3. Safety Valve/Role in Conspiracy

Movant complains that trial counsel was ineffective as she was not considered for a “safety valve” or her “role” in the conspiracy. The court liberally construes this as a claim that counsel was ineffective for failing to object to the PSR on this basis. The record reveals, however, that Movant was considered for a safety valve reduction, but failed to satisfy all the elements of U.S.S.G. § 5C1.2, and was thus ineligible for the reduction. PSR, § 17, 1:18-CR-87 (doc. #350). In addition, the PSR states that “although this offense involves more than one defendant, nothing was discovered during the course of the investigation to suggest this defendant's conduct warrants a mitigating or aggravating role adjustment.” PSR, ¶ 19. Movant offers no evidence supporting her after-the-fact assertion that she should have received a reduction of any sort. Regardless, any such objection would have been frivolous; counsel cannot be ineffective for failing to argue meritless objections. Clark v. Collins, 19 F.3d 959, 966 (5th Cir. 1994) (“Failure to raise meritless objections is not ineffective lawyering; it is the very opposite.”). Movant has failed to show deficient performance and prejudice, and this claim lacks merit.

4. Drug Purity and Amount Attributed to Movant

Movant alleges trial counsel was ineffective as he failed to challenge the drug (methamphetamine) for its purity and the amount attributed to Movant. This claim is wholly without merit. In the factual basis supporting the 11(c)(1)(C) plea agreement, Movant stipulated to the drug amounts and purity for which she was responsible as part of the conspiracy. Factual Basis & Stipulation, pg. 2, 1:18-CR-87 (doc. #256). Movant offers no explanation as to how this stipulation was inaccurate nor how, if challenged, this would have affected the outcome of her case. Counsel, again, cannot be ineffective for failing to argue a frivolous point and this claim should be denied. Clark, 19 F.3d at 966.

Recommendation

This motion to vacate, set aside or correct sentence filed pursuant to 28 U.S.C. § 2255 should be denied.

Objections

Within fourteen (14) days after receipt of the magistrate judge's report, any party may serve and file written objections to the findings of facts, conclusions of law and recommendations of the magistrate judge. 28 U.S.C. § 636(b)(1)(c).
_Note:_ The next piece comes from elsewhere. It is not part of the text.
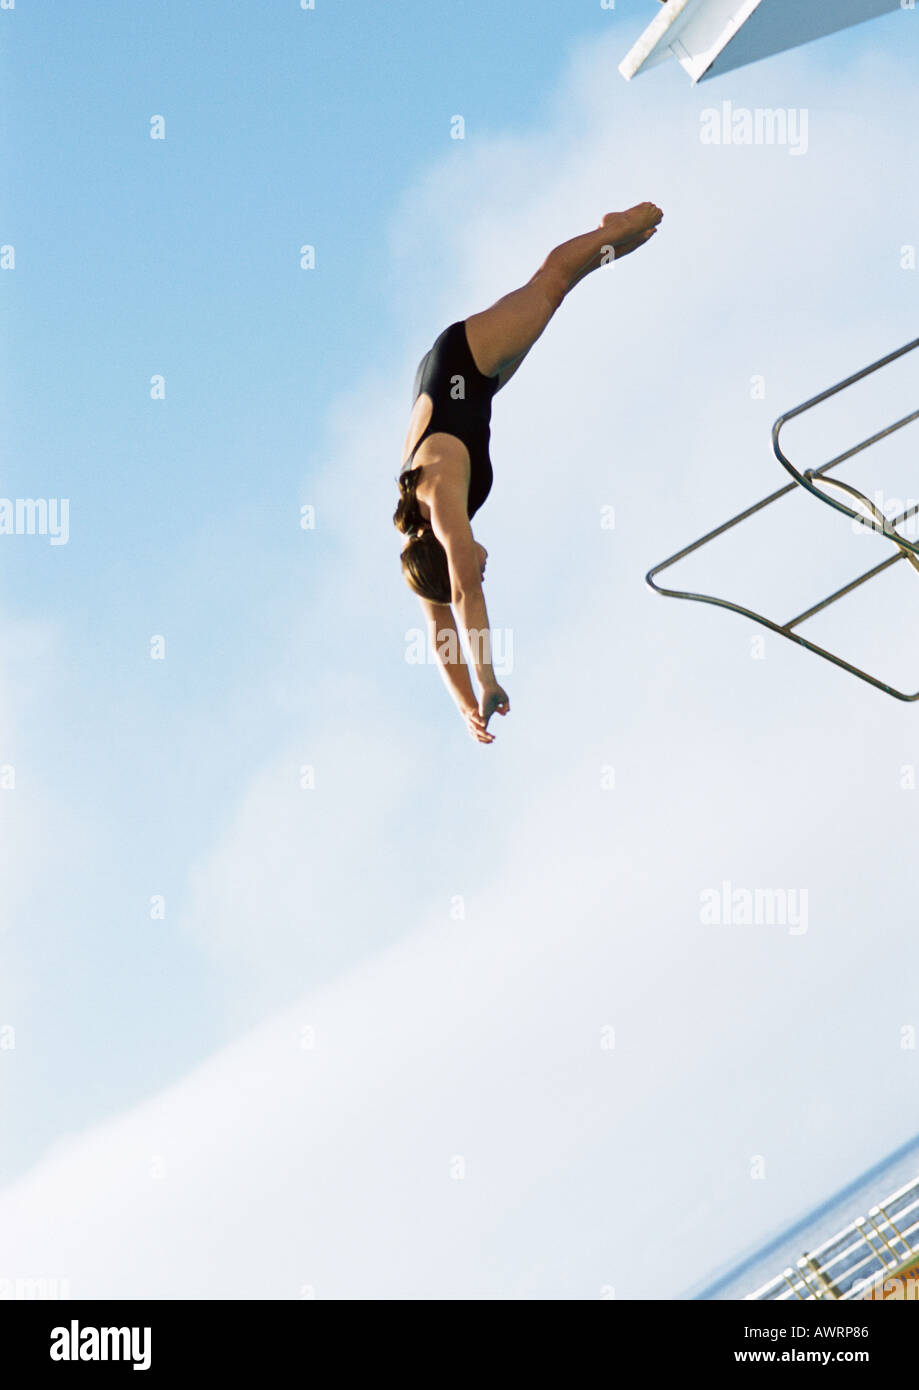 La donna a metà di immersione, a basso angolo di visione a piena lunghezza e cielo blu in background Foto Stock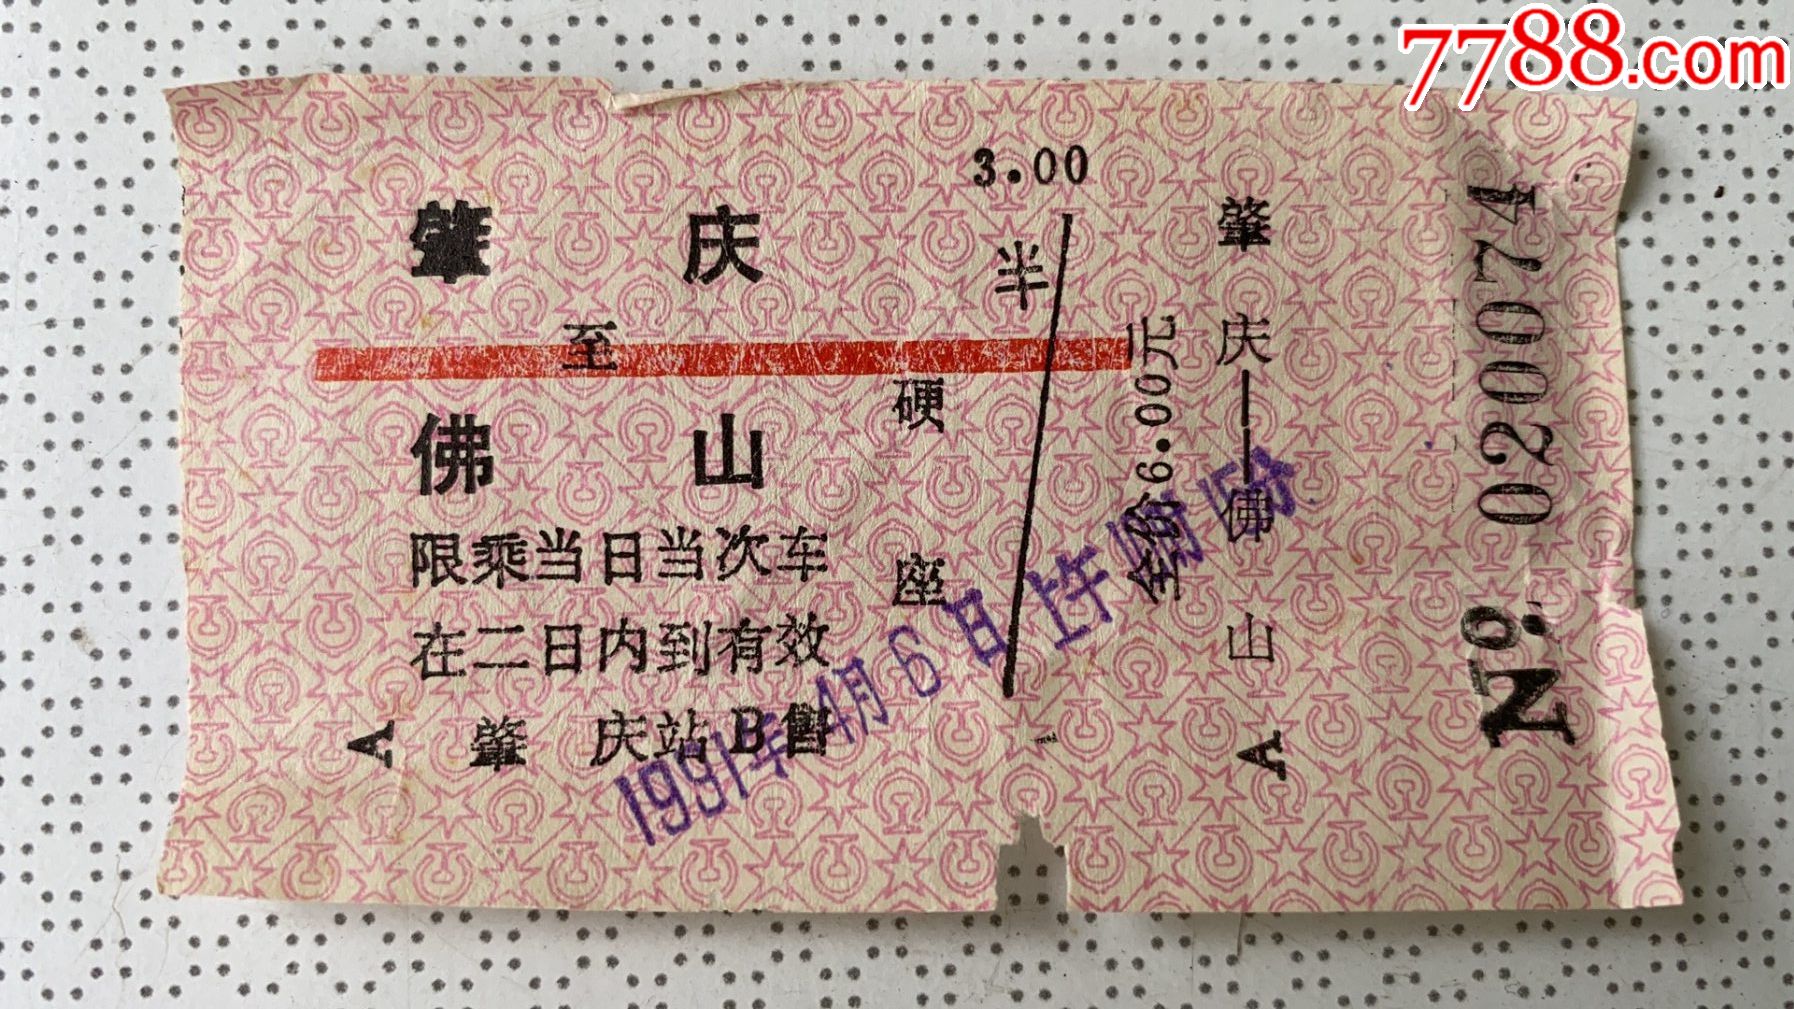 白色火车票 库存例证. 插画 包括有 位子, 营销, 蟒蛇, 剪切, 通过, 乘客, 模板, 离开, 空白的 - 177111994

Failure to file written objections to the proposed findings of facts, conclusions of law and recommendations contained within this report within fourteen (14) days after service shall bar an aggrieved party from de novo review by the district court of the proposed findings, conclusions and recommendations and from appellate review of factual findings and legal conclusions accepted by the district court except on grounds of plain error. Douglass v. United Services Automobile Association, 79 F.3d 1415, 1417 (5th Cir. 1996) (en banc); 28 U.S.C. § 636(b)(1); FED. R. CIV. P. 72.